Nevertheless, in recent times this same notion has seemed problematic to me because there is a tendency in the cognitive science of consciousness to think that self-consciousness is not the apex of consciousness, as in human beings, who have language and can refer to themselves, but that it is an absolutely basic characteristic, the most basic of all: the most elementary thing is to have a notion of oneself, a basic notion, which in philosophy of mind is called minimal consciousness.
For there to be consciousness of all kinds, the creature must necessarily have a consciousness of itself. I think it is a very interesting and very important point to be elucidated. In human beings it occurs like this: I do not have to elaborate thoughts or introspection to realize that I am thinking or feeling, in a kind of split personality; on the contrary, without thinking about it, I have a basic sensation of being me, of being in my body. This is a fundamental consciousness, the minimum consciousness.

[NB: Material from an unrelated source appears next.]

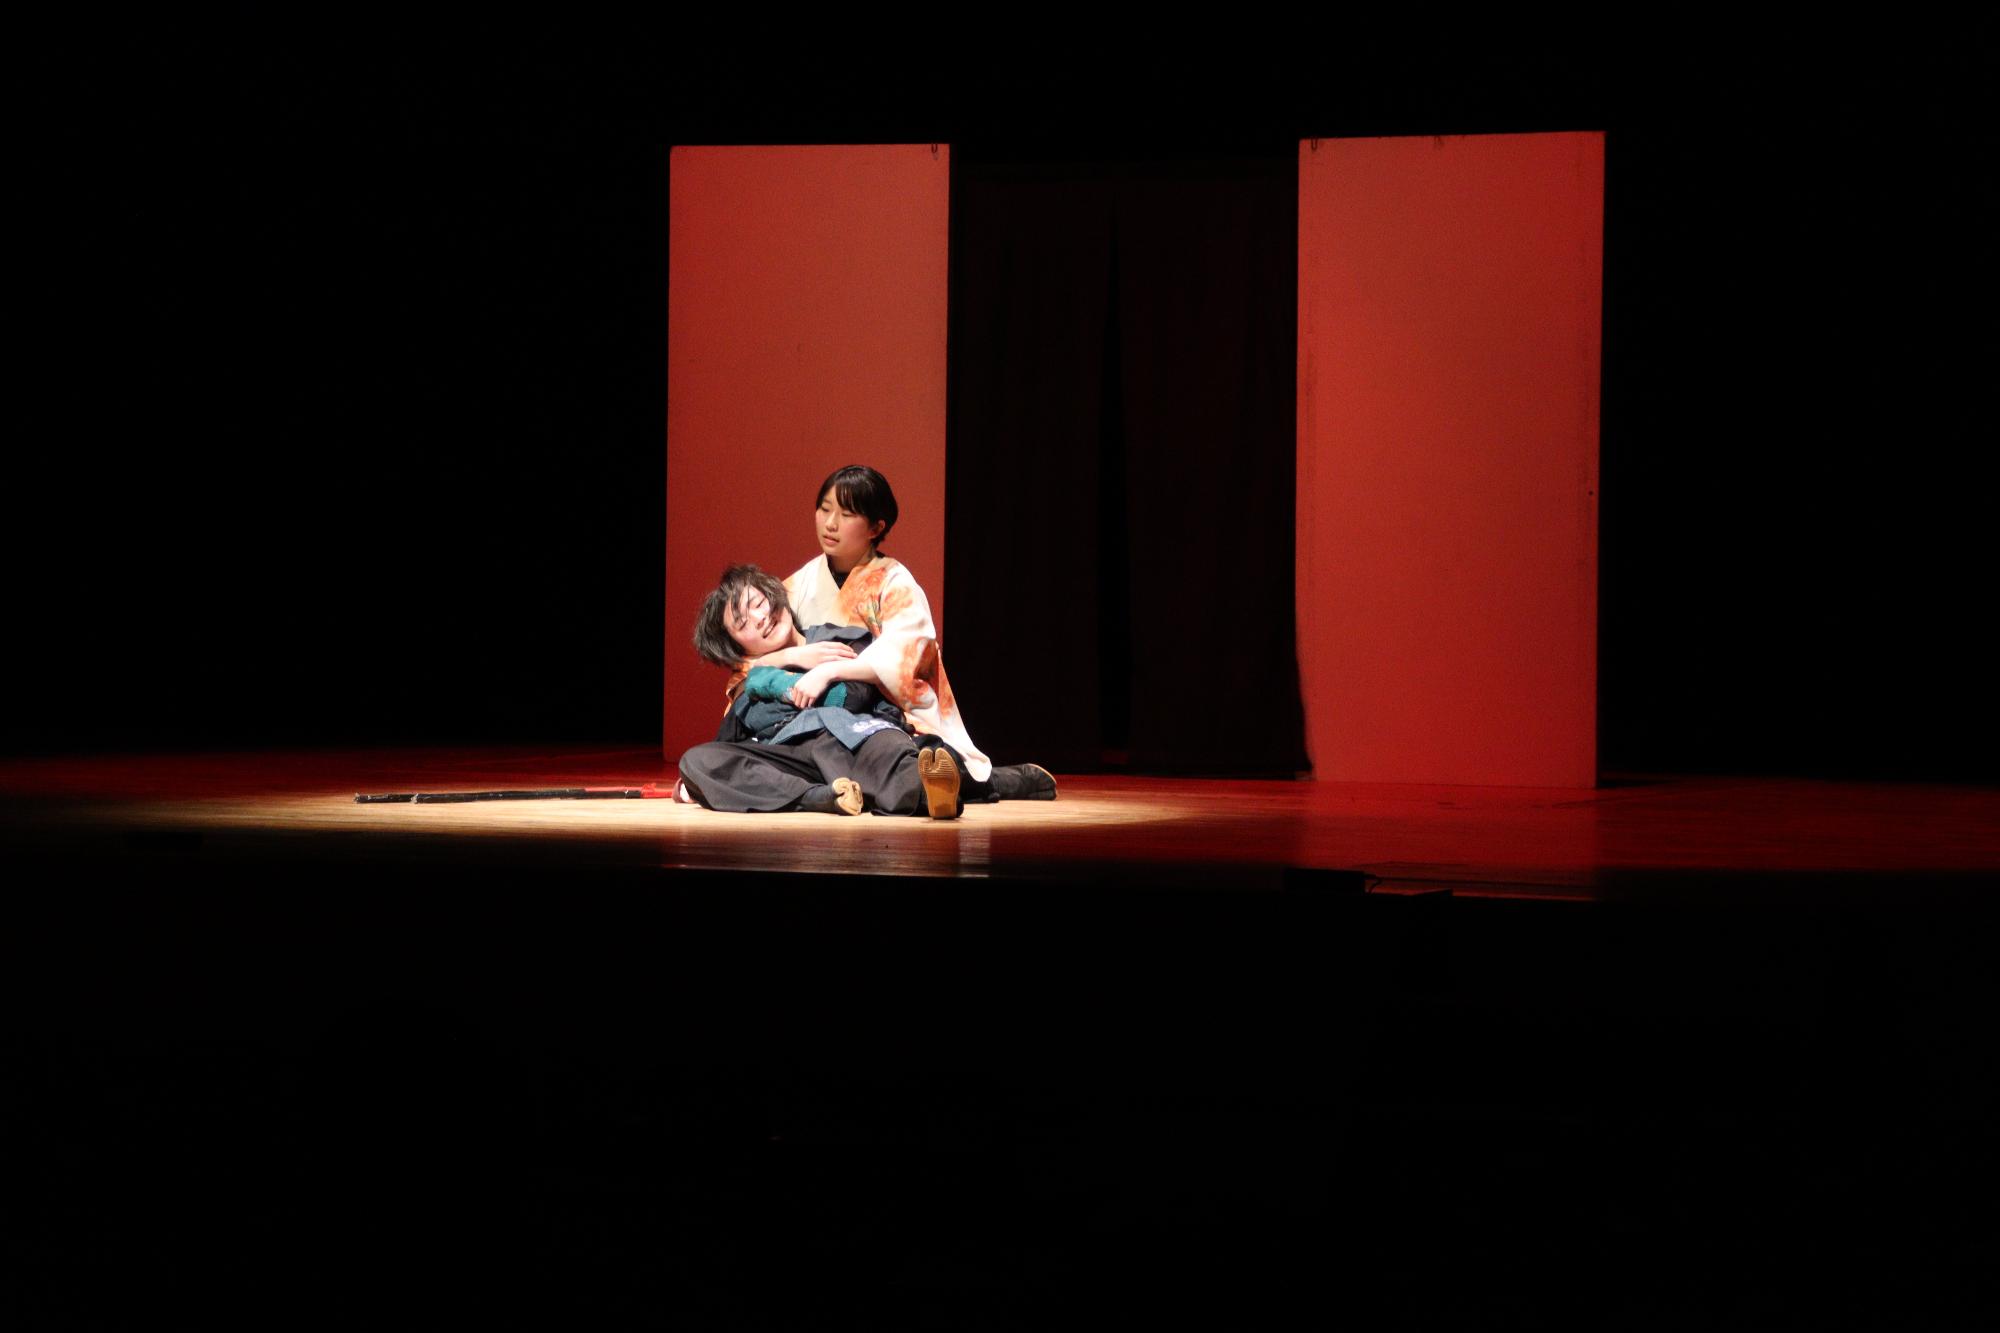 長野南高校演劇部による「竜馬、あるいは幕末の人造人間（竜と怪物改題）」のシーンの一部。倒れた竜馬を一人が支えているシーン。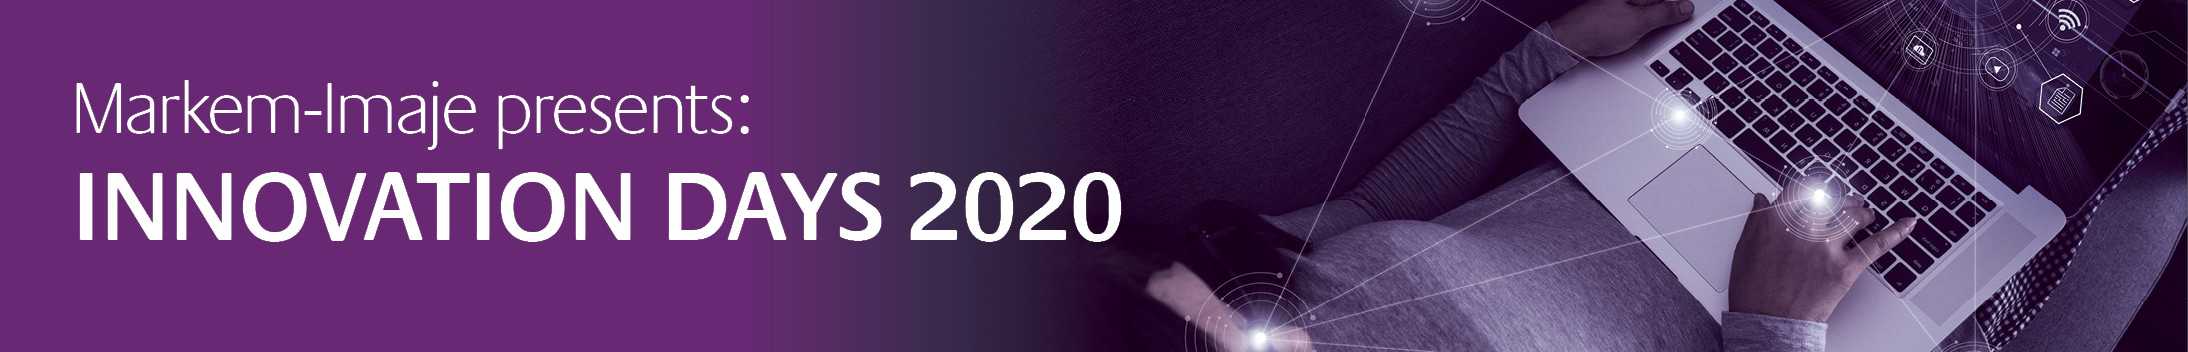 أيام مبتكرة 2020 بواسطة Markem Imaje

Self-consciousness also has, then, an evolution that goes from very primitive beings to us who have language to be able to talk about our own states. We do not only have thoughts in the form of internal language, but we can also observe them, e.g. we have thoughts about thought, we think about thinking. This kind of personality splitting depends a lot on linguistic capacity and, in that sense, it would be fundamentally human.
THERE’S WHERE MORAL CONSCIENCE IS BORN: THE MOMENT I GRANT OR ATTRIBUTE FEELINGS, THOUGHTS, AND EMOTIONS TO THE OTHER, I HAVE TO TAKE CARE OF THEM, BECAUSE THEY ARE LIKE ME
CM: Would you say that this vision of consciousness per se, self-consciousness, could have a correlation with what Hegelian philosophy proposed in terms of plain consciousness, self-consciousness, consciousness-for-itself, which Marx later adopted to speak of class consciousness? Is there a relationship with the research you describe?
JLDG: Yes, there is. Who worked this very well and, curiously, is not so well known for it, but for other things, was Jean-Paul Sartre. In an early work on the self, he makes a very clear and very interesting distinction between the subjective self, the one we are talking about, the feeling of “myself,” this implicit, tacit awareness that anyone has of being who they are, and the more objective self. The first self is the subjective, inaccessible, closed self. The other is treatable. In La neurofilosofía del yo, I propose 10 functions of this self, including minimal consciousness, introspection, agency, will, all the capacities that together form my self-consciousness.
Sometimes it’s more introspective, sometimes it’s more active, when I deliberately act on the world or direct my attention to something; these are all capacities of self-awareness. I believe that animals have it to some degree; they have no language, that is clear, they do not refer to themselves as such; that is a higher capacity for self-awareness.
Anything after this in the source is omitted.